• **Exercise objective**:
Every line below between the line holding "f3b94a8538a ... Joma" and the line holding "Sofas Conforama Madrid", inclusive, should be repeated exactly, and all other lines omitted.

(Records contained in a dataset)
++++

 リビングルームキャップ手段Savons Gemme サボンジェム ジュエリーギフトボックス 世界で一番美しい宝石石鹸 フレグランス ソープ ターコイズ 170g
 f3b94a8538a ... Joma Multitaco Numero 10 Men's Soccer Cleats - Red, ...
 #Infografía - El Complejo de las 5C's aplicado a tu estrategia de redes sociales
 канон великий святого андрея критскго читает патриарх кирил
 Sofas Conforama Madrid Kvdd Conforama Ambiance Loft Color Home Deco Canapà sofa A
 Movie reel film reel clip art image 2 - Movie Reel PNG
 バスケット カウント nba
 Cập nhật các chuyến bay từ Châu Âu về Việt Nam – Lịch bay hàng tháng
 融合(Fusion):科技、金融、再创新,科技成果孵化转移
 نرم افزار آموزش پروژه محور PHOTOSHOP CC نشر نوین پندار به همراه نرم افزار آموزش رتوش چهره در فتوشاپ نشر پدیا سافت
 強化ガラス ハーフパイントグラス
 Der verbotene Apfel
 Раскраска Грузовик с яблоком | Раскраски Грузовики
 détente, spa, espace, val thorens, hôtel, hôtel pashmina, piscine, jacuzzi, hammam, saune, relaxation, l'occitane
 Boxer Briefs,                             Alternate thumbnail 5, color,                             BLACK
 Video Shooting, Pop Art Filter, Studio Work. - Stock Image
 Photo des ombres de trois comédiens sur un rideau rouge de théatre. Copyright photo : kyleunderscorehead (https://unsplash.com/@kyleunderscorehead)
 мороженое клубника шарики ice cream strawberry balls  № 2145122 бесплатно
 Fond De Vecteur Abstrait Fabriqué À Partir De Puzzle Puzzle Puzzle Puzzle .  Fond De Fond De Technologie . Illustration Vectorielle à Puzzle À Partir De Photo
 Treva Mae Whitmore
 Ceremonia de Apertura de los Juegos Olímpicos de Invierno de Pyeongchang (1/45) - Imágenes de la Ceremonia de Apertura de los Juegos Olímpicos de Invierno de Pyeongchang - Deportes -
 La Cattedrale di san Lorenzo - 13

++++

• **Result**:
 f3b94a8538a ... Joma Multitaco Numero 10 Men's Soccer Cleats - Red, ...
 #Infografía - El Complejo de las 5C's aplicado a tu estrategia de redes sociales
 канон великий святого андрея критскго читает патриарх кирил
 Sofas Conforama Madrid Kvdd Conforama Ambiance Loft Color Home Deco Canapà sofa A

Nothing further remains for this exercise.